CNX Resources Corporation is an independent natural gas company engaged in exploration, production, and midstream activities, primarily in the Marcellus Shale of the Appalachian Basin. The company emphasizes ultra-low carbon intensive operations and technology-driven development. In recent market activity, CNX stock has traded around $38, experiencing some pullback amid mixed quarterly results, including earnings per share (EPS) beats but revenue shortfalls. Sentiment has been influenced by debt tender offers, senior notes issuance, and sensitivity to natural gas pricing dynamics. Broader performance shows solid profitability with a 30% net profit margin and strong free cash flow generation, supporting shareholder returns in a volatile energy environment.
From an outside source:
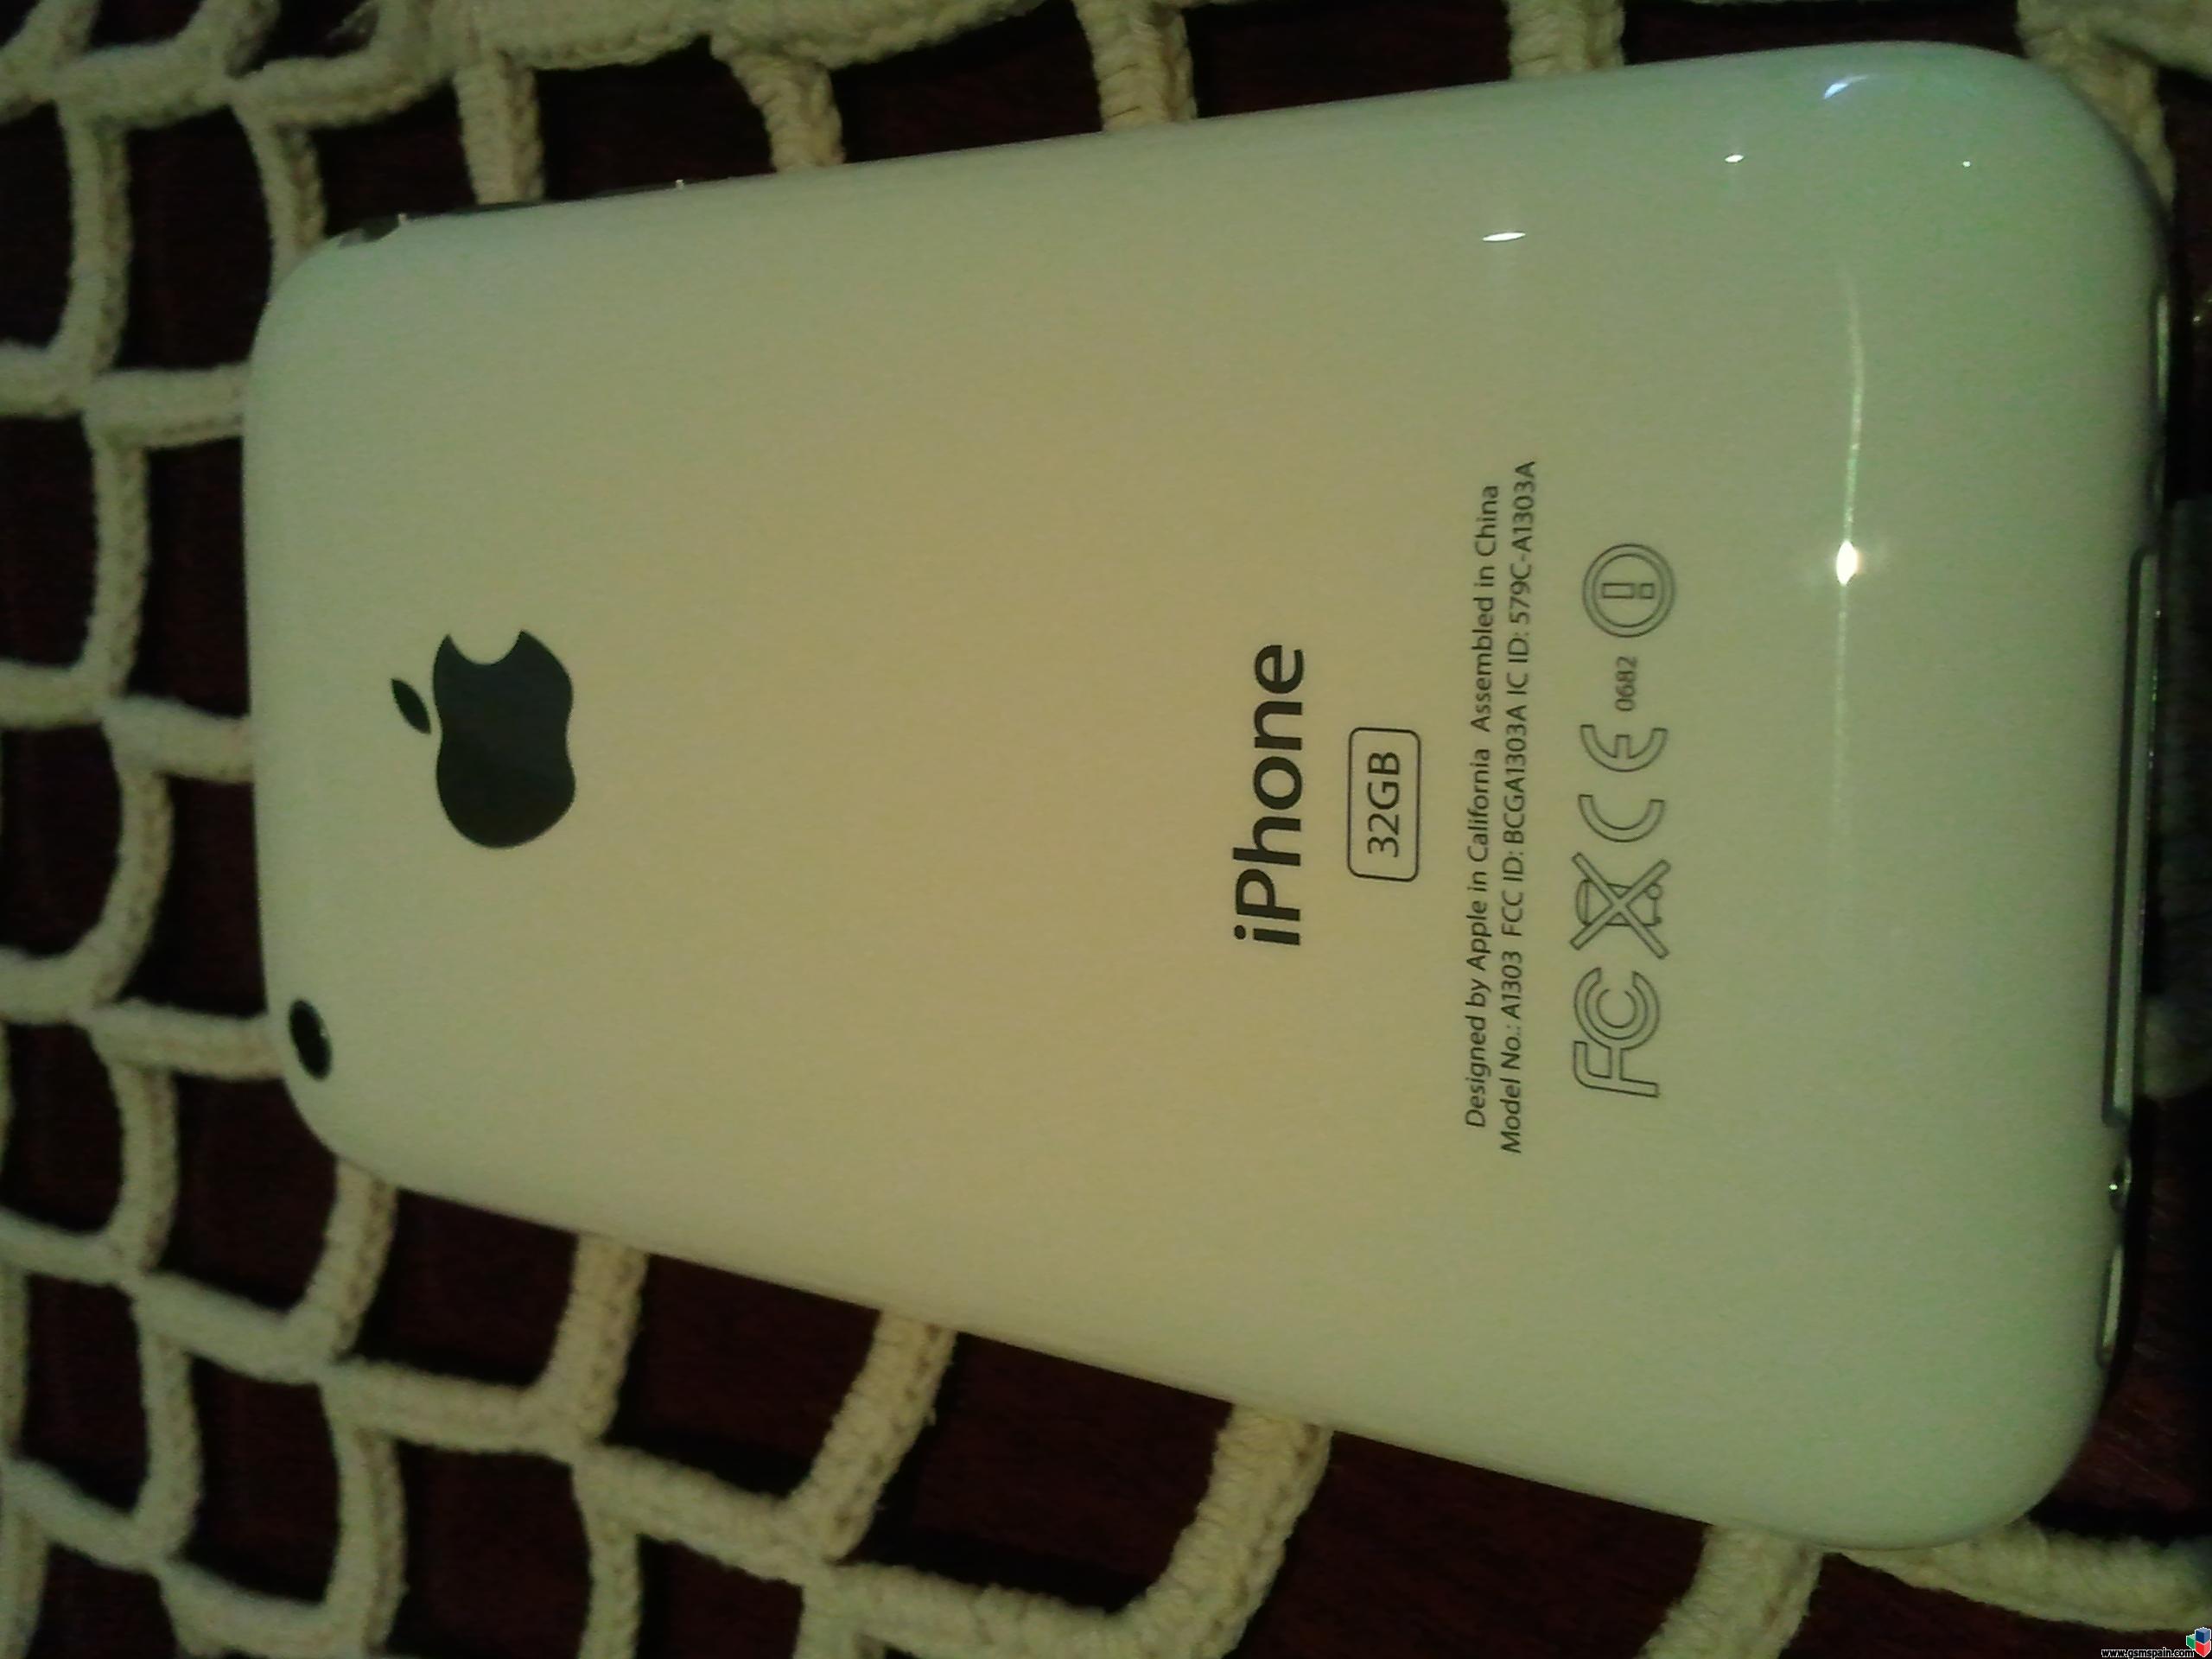 [VENDO] IPhone 3GS 32gb blanco movistar +garantia apple nuevo!!!!!!!!!!!!!
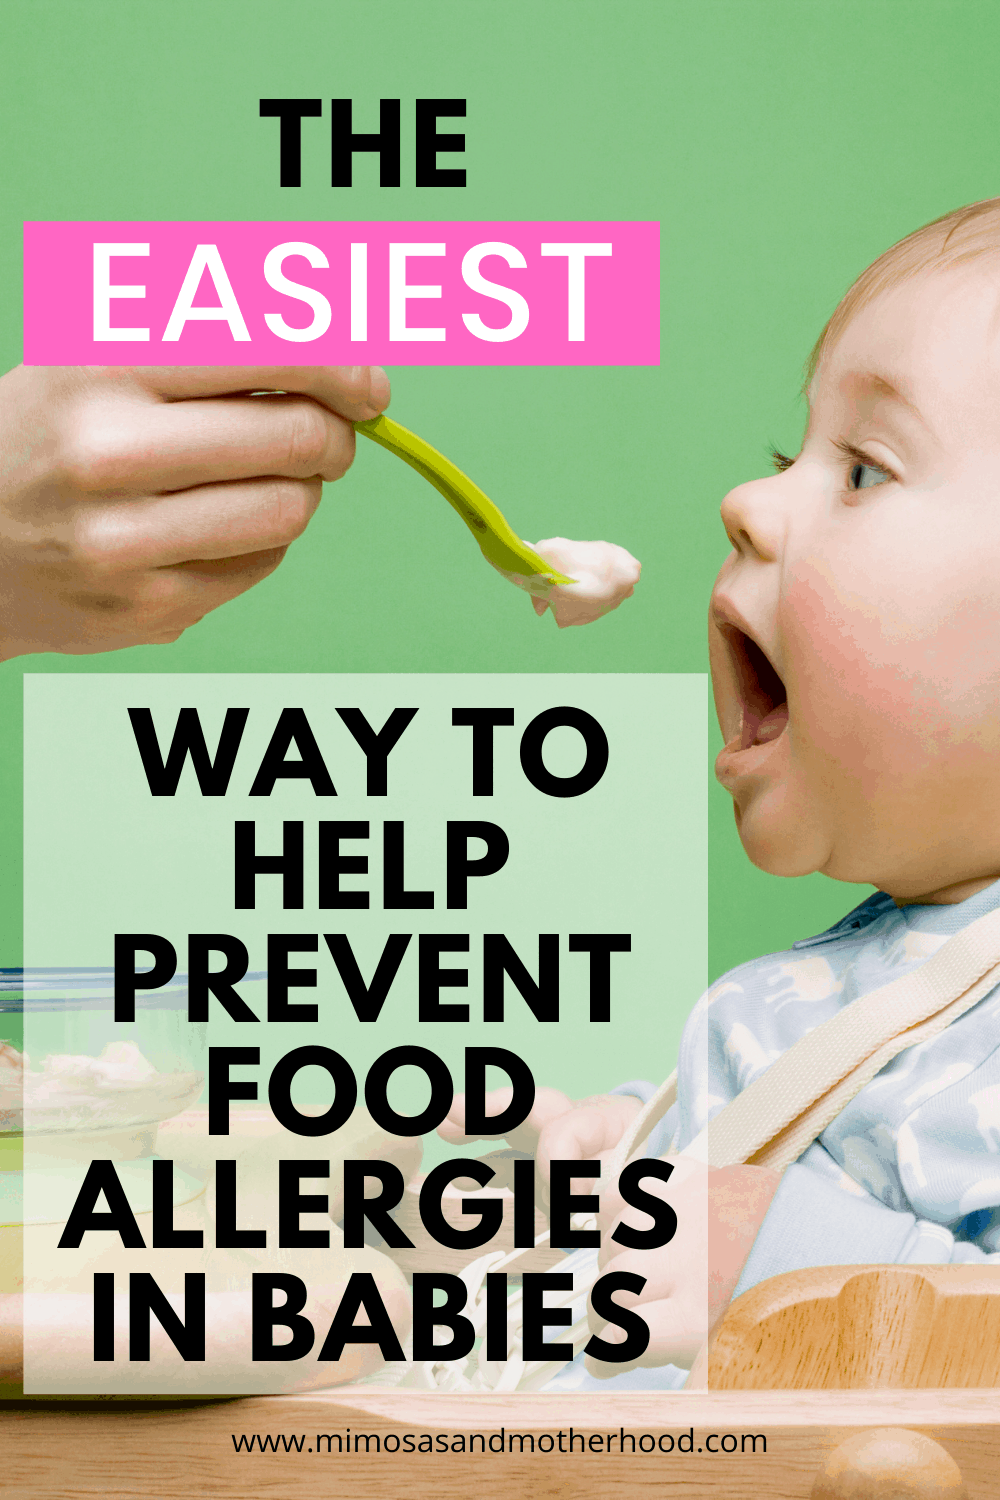 How to Help Prevent Food Allergies in Babies

EQT Corporation is a vertically integrated natural gas producer with focus on the Appalachian Basin's Marcellus and Utica shales, handling exploration, production, gathering, and transmission. As the largest U.S. natural gas producer by volume, it benefits from economies of scale. Recently, EQT shares hovered near $57, with modest declines amid anticipation for quarterly earnings and dividend declarations. Key drivers include rising power sector demand, AI-related growth prospects, and Appalachian pricing strength from LNG and data center needs. The stock reflects resilience with a 25% profit margin, lower debt levels, and positive analyst sentiment in recent weeks.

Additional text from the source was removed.